* **DATASET EXTRACT**
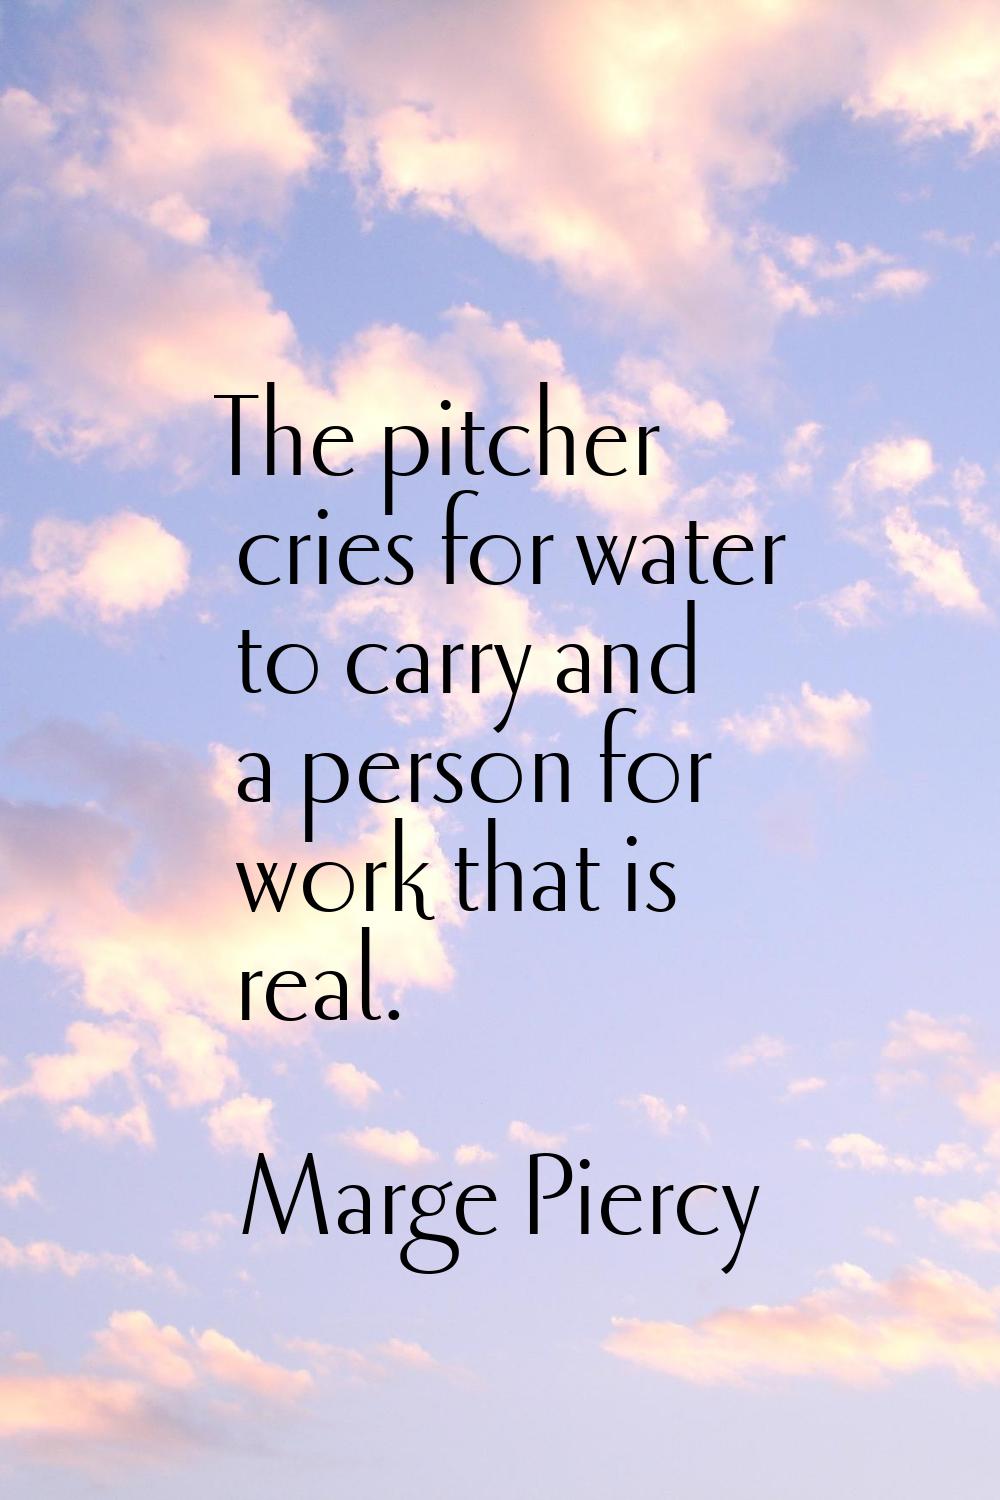 The pitcher cries for water to carry and a person for work that is real.
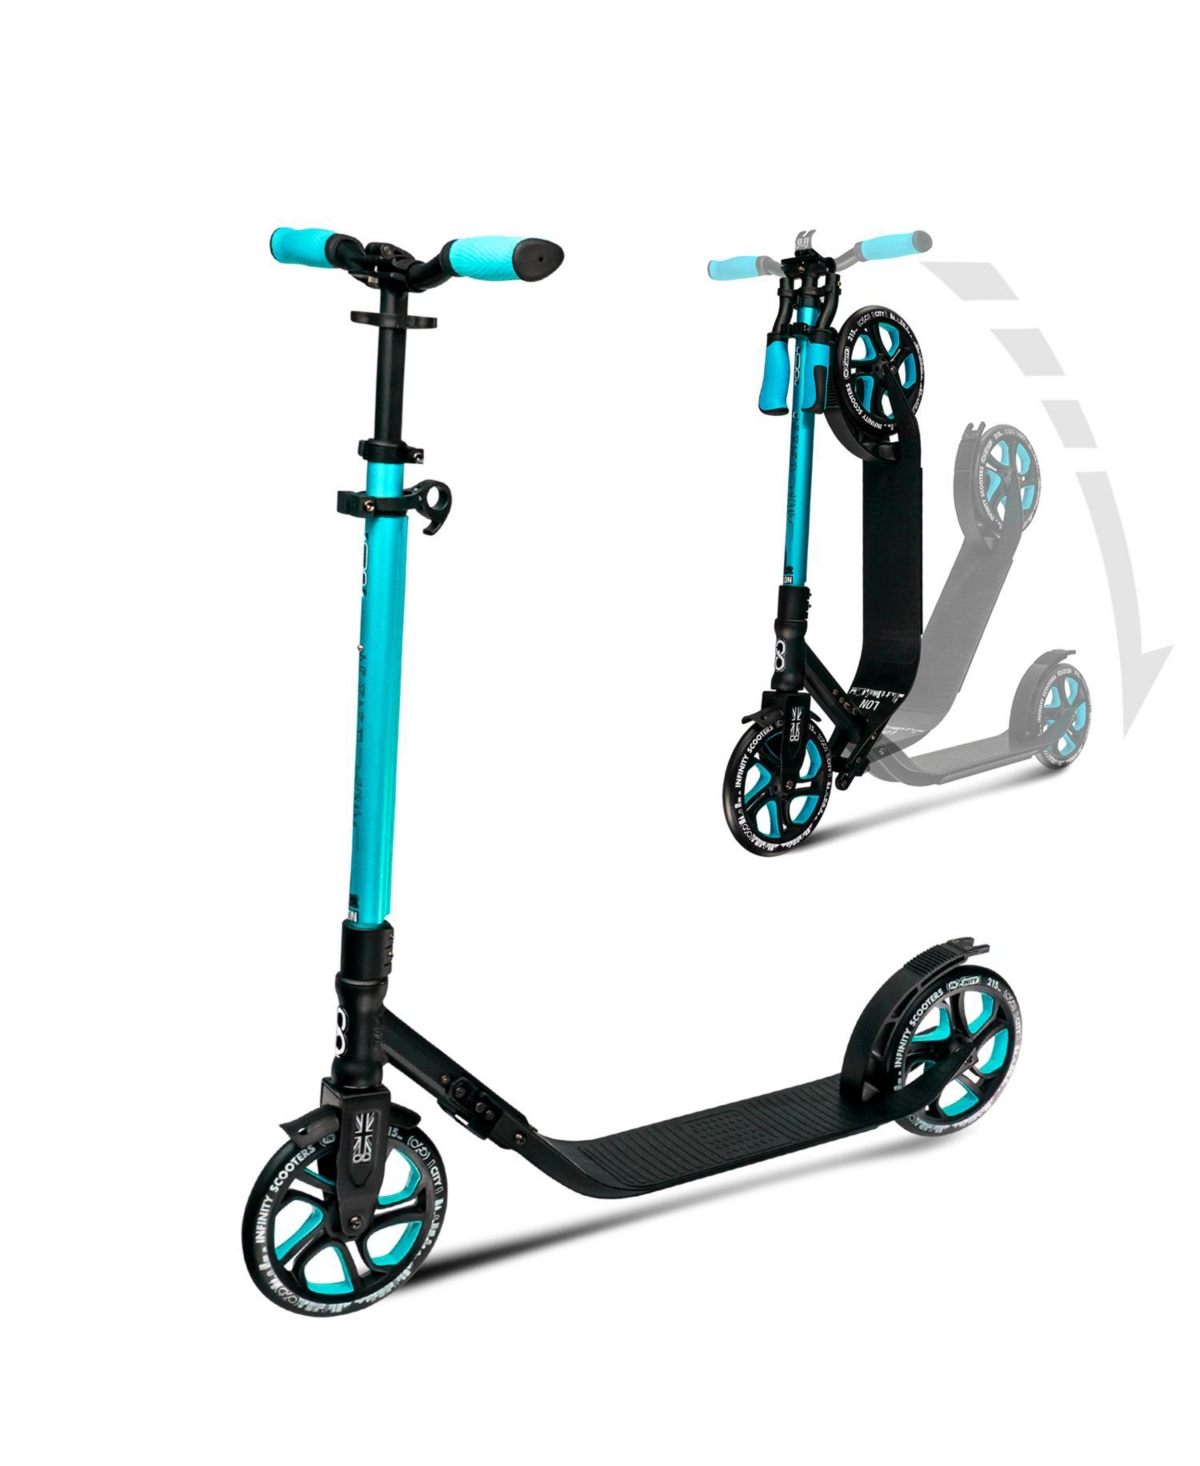 London Foldable Kick Scooter - Great Scooters For Teens And Adults - Gold
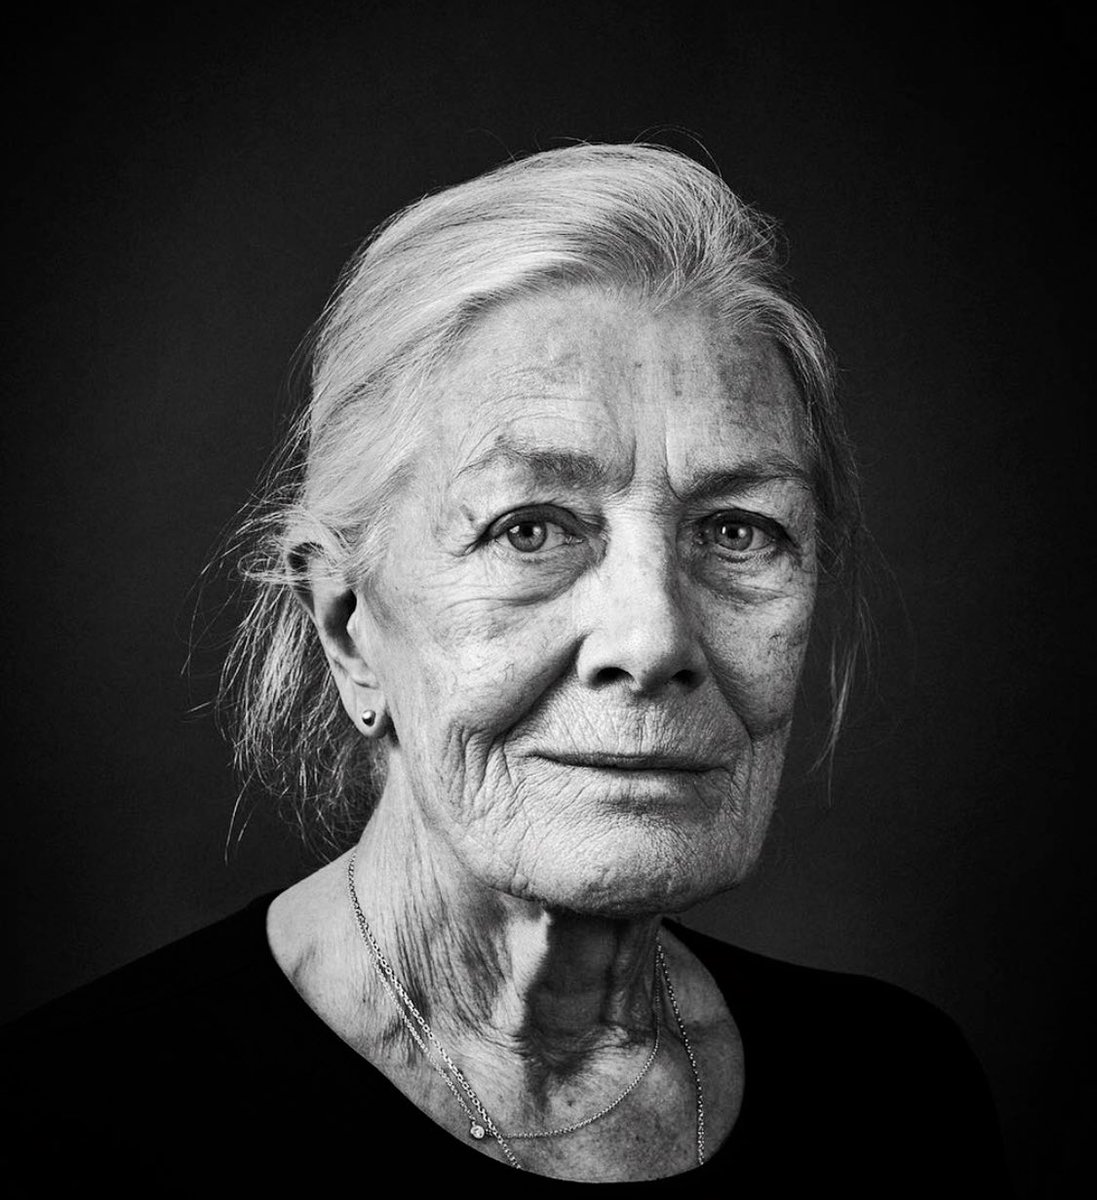 “I've still got to do something to help, however tiny it is. I always think of the old Hebrew saying, which is translated roughly into, 'He who saves one life saves the world,' because it's pretty ghastly to think of all the people we're not saving.”
#VanessaRedgrave birthday

* **PROBLEM DETAILS**
Would you write out all of the data exactly as it stands, without the pictures?

* **SOLUTION FOR THIS PROBLEM**
 The pitcher cries for water to carry and a person for work that is real.
 London Foldable Kick Scooter - Great Scooters For Teens And Adults - Gold
 “I've still got to do something to help, however tiny it is. I always think of the old Hebrew saying, which is translated roughly into, 'He who saves one life saves the world,' because it's pretty ghastly to think of all the people we're not saving.”
#VanessaRedgrave birthday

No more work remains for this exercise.